Reverse an integer without losing 0's in input

Question

I have the following code that reverses an integer input. However, if I enter input with zeroes at the beginning e.g. 01234, it will return me the integer 4321 instead of 43210. I've looked at other solutions but they all solve the problem by getting the input as a String and then reversing the string. However, I need my input to be of type int.

Does anyone have any ideas how I can solve this?

public static int reverseInputNumber(int num){
    int reverse = 0;
    while(num!=0) {
        reverse = (reverse*10)+num%10;
        num /= 10;
    }
    return reverse;
}

How about getting it as int and converting it to String and reversing it and getting back as int — jmj, May 05 '13 at 22:00
http://stackoverflow.com/questions/3806126/java-reverse-int-value — arynaq, May 05 '13 at 22:03
@arynaq that's what he's already doing, but doesn't solve the leading 0 issue either. — fvu, May 05 '13 at 22:04

Varun Madiath · Accepted Answer · 2013-05-08T01:11:36.867

Integers store an integer value, not an encoding of a particular representation of an integral value. So in order to really get what you want you're talking about reversing the representation of an integer.

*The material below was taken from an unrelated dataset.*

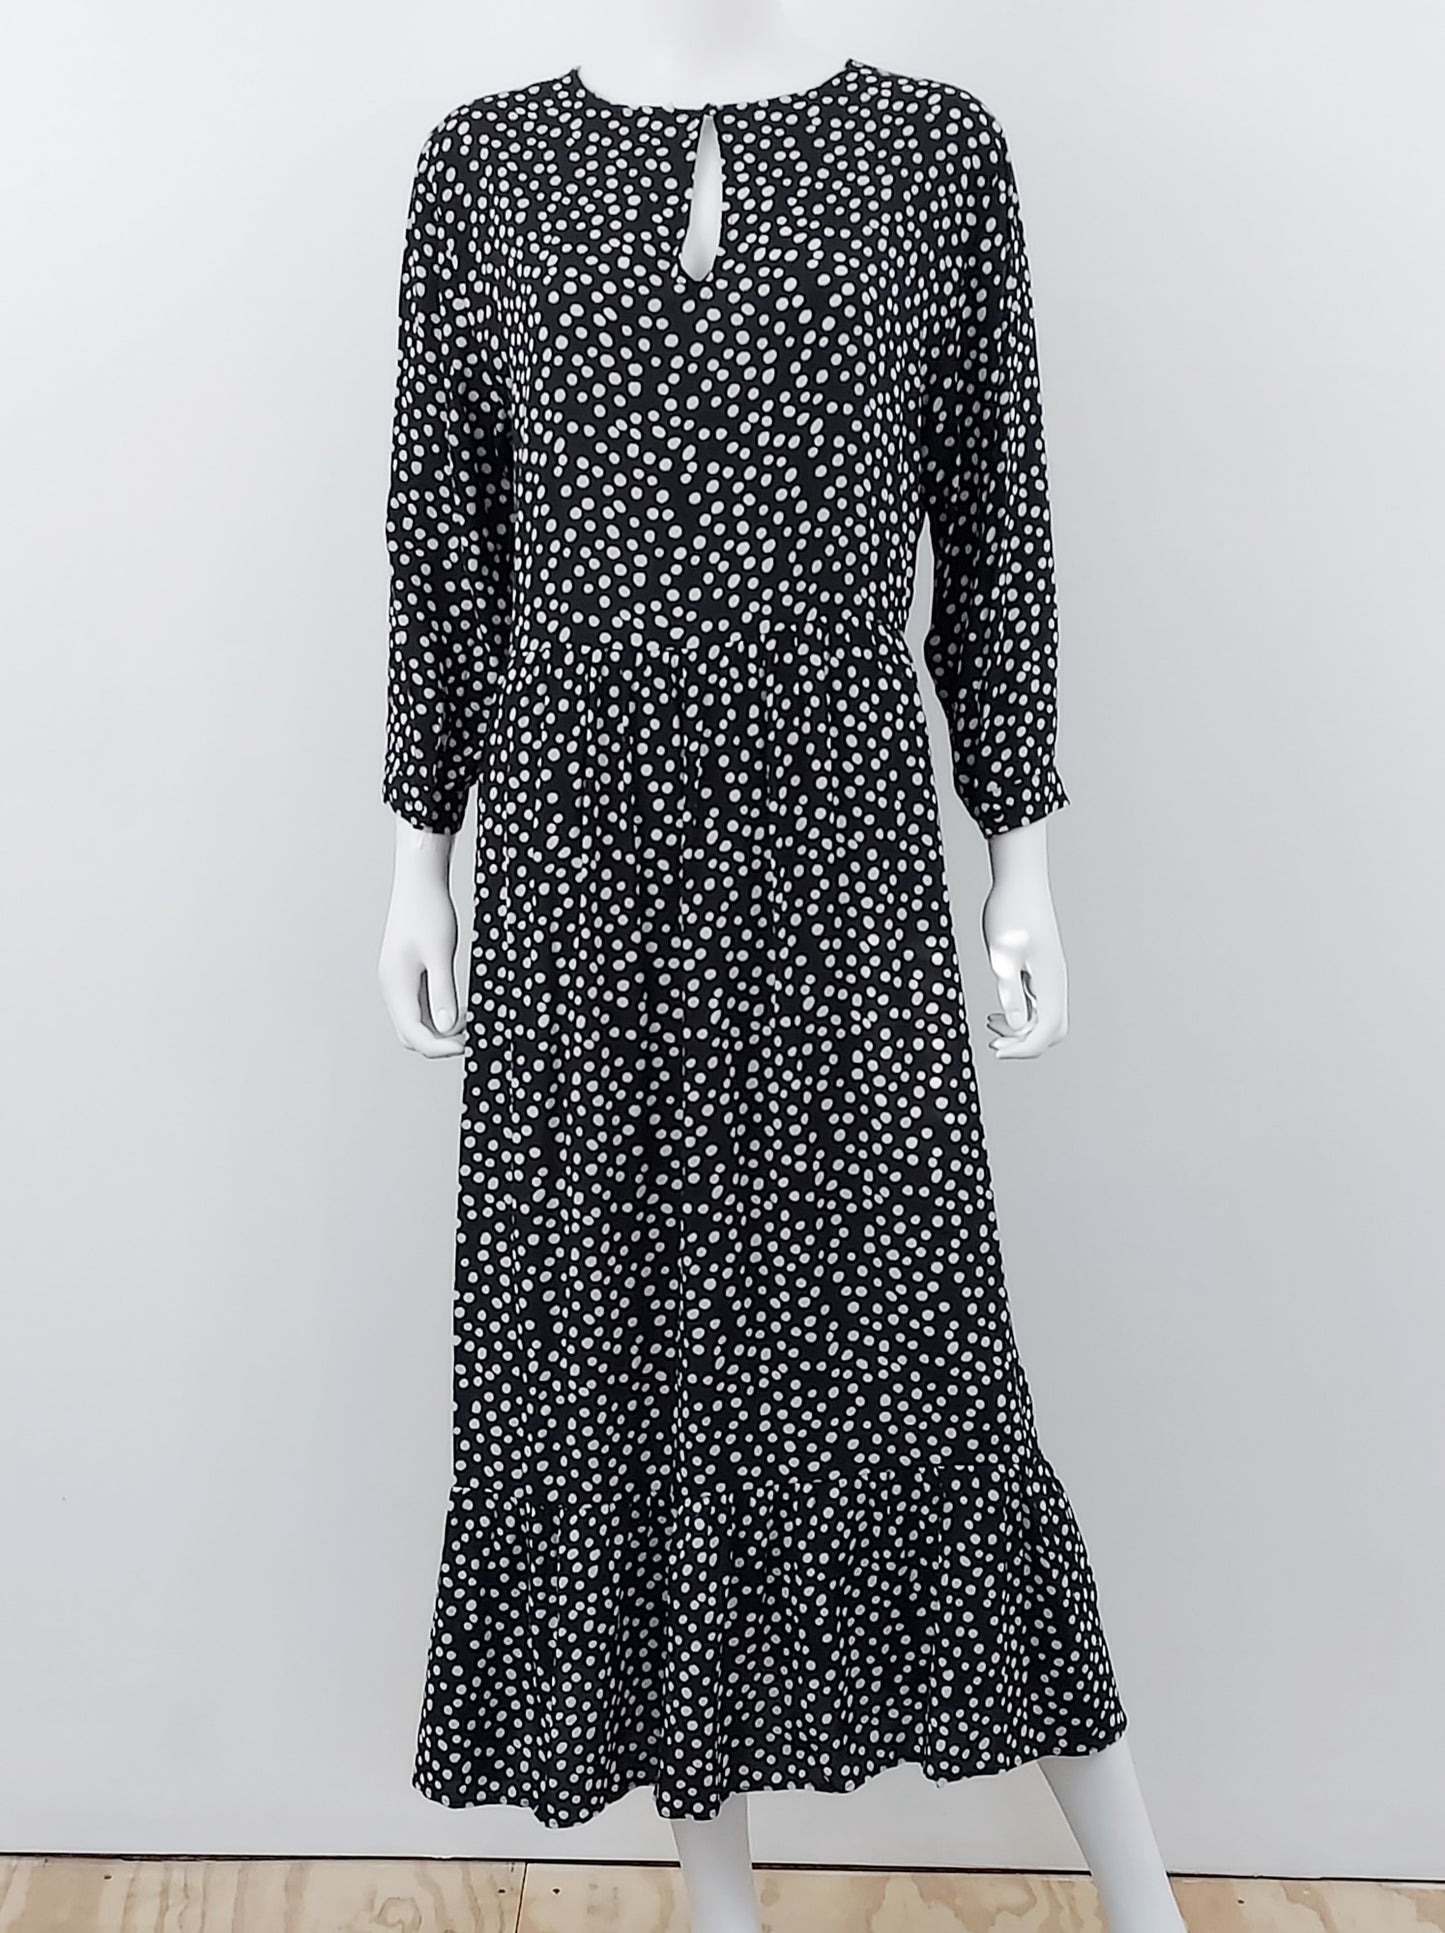 Polka Dot Maxi Dress Size Medium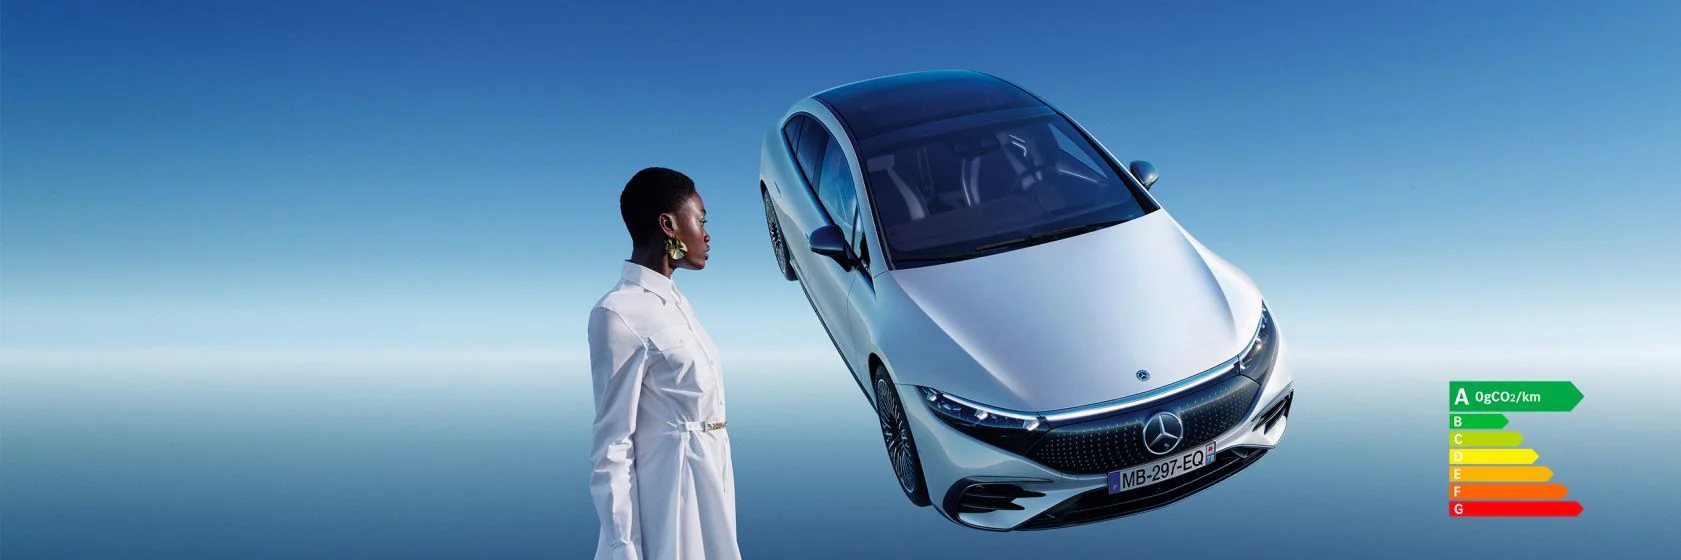 Entrez dans une nouvelle ère avec l’EQS, la berline luxe 100% électrique par Mercedes-Benz.

EDIT: I thought I'd add some code to solve the solution using Strings.

public static int reverseInputNumber(int num)
{
    String reverse = StringBuilder(num + "").reverse().toString();
    return reverse;
}

Second Edit: Actually even this code won't do what you want it to do. By taking an int as a parameter you're already losing the original representation of the integer. It's accurate to say that there is no function that can take just an integer parameter and return something with the reverse of it's original representation. You would need to deal solely in strings or some other more appropriate data structure.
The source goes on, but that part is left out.